Men can use one of two phrases. Tov si karem charn means "Let's go eat
ice cream in a bowl", and tov leng pteah ta sak bram means "Let's go
visit Sak Pram's house". Sak Pram translates to "five fingers", Soun
Soun said that when he asks his male clients why they want to have sex
with him, most of them say they want to try something different. Others
say they are tired of women.
While Soun has some clients in the capital, most of his business is
transacted in the provinces. "My regular clients are mostly living in
Siem Reap and Sihanoukville," he said. "They sometimes book me for a
week, so they have to pay for my accommodation and food as well as my
A friend told me to go sit by the riverside and people
could come ask me for sex. i was 17 then. I've worked in the business
Soun keeps a calendar for long-term clients, but others can simply
ring him on the day. "In Phnom Penh, girls who want to have sex just
call my mobile phone and tell me where to meet. Sometimes, they hire a
taxi driver to come pick me up."
A life filled with danger
Many male prostitutes in Phnom Penh say they went into the trade due to poverty.
But Soun warned against thinking his life is one of ease and happiness.
He said prostitution can be a dangerous business, particularly with
his Cambodian male clients. They often hire him for sex with one
person, but he shows up to find a group of four or five waiting for
him. He can't refuse because he is outnumbered.
And then, there is the ever-present risk of sexual diseases. "To
protect ourselves from HIV, we always talk to our clients about using
condoms. I have problems with teenage boys because they want oral sex,"
Kek Galabru, president of Cambodian rights group Licadho, said she has
seen an increase in male sex workers in a market traditionally
dominated by women.
According to Kek Galabru, many of the capital's male prostitutes
turned to sex work because, lacking education or skills, they can find
no other way to support their families. Others do so because they
prefer sex with men, she said.
Nuon Sidara, executive director of Action for Sexual Health, said exact
numbers of male prostitutes in Cambodia are difficult to determine
because many work in secret.
The risk of disease is much higher among male sex workers who largely sleep with male clients, Nuon Sidera said.
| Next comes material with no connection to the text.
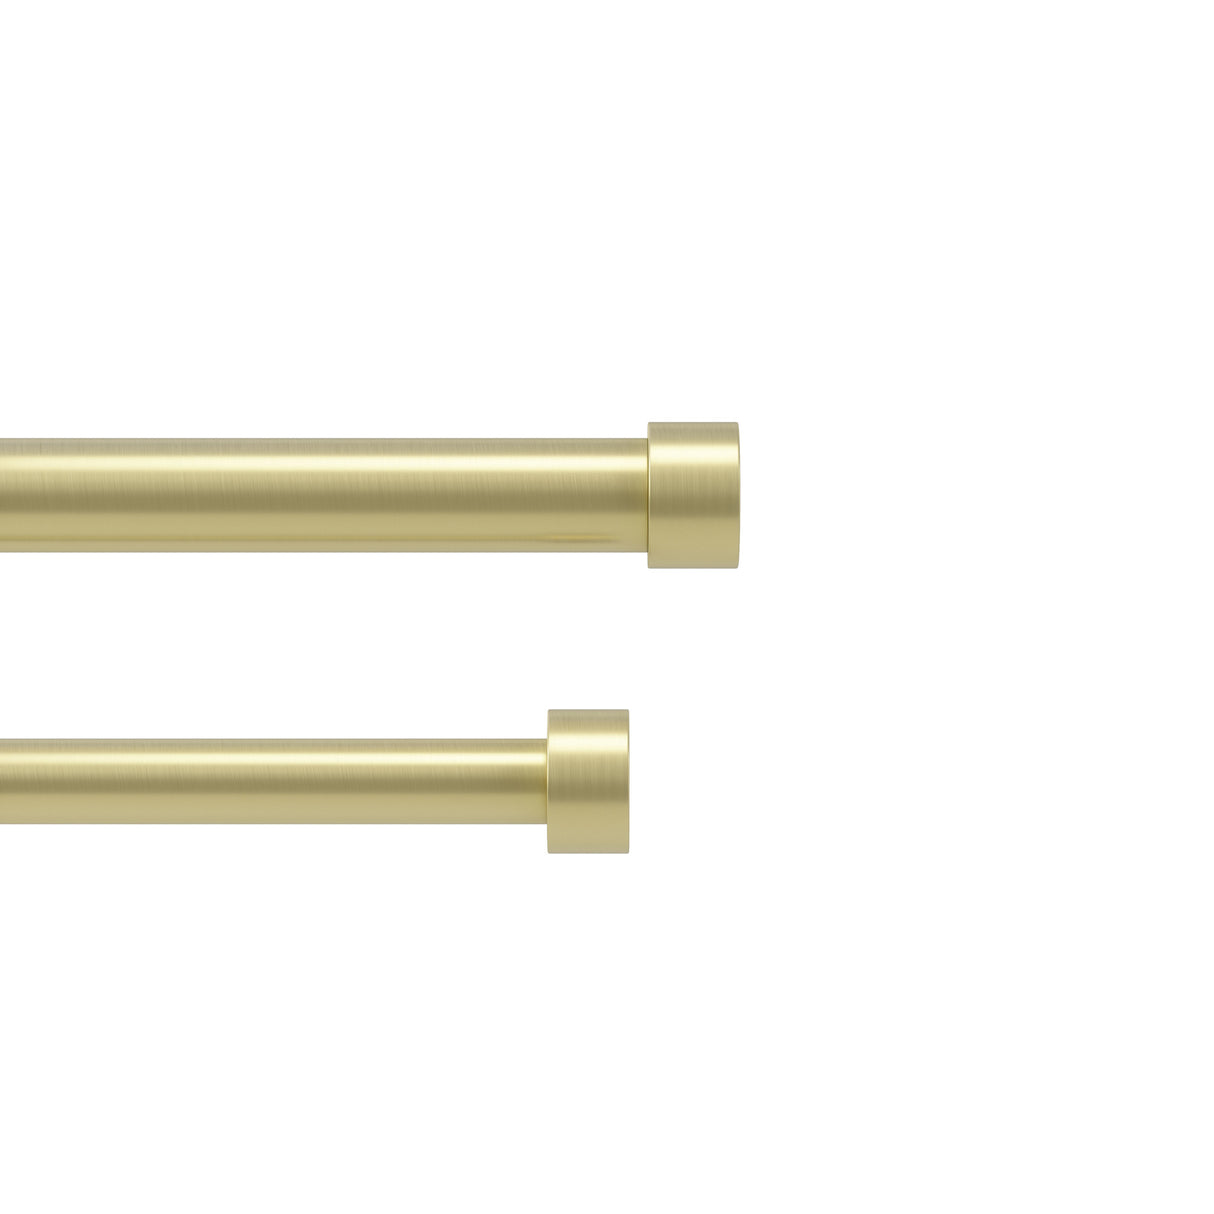 Double Curtain Rods | color: Brass | size: 120-180" (305-457 cm) | diameter: 1" (2.5 cm)

Studies done on men engaging in gay sex have shown that 8.7 percent in
Phnom Penh were HIV-positive, a rate that is almost nine times that of
the general population.
"My organisation tries to teach them how to protect themselves from
disease and provides condoms free of charge," Nuon Sidera said.
Soun gets thoughtful when he considers the life he has chosen.
"My family is very poor, so I needed to find a job that could support
us all. I never thought I would become a prostitute," he said.
"A friend told me to go sit by the riverside and people would come ask
me for sex. I was 17 then. I've worked in the business ever since."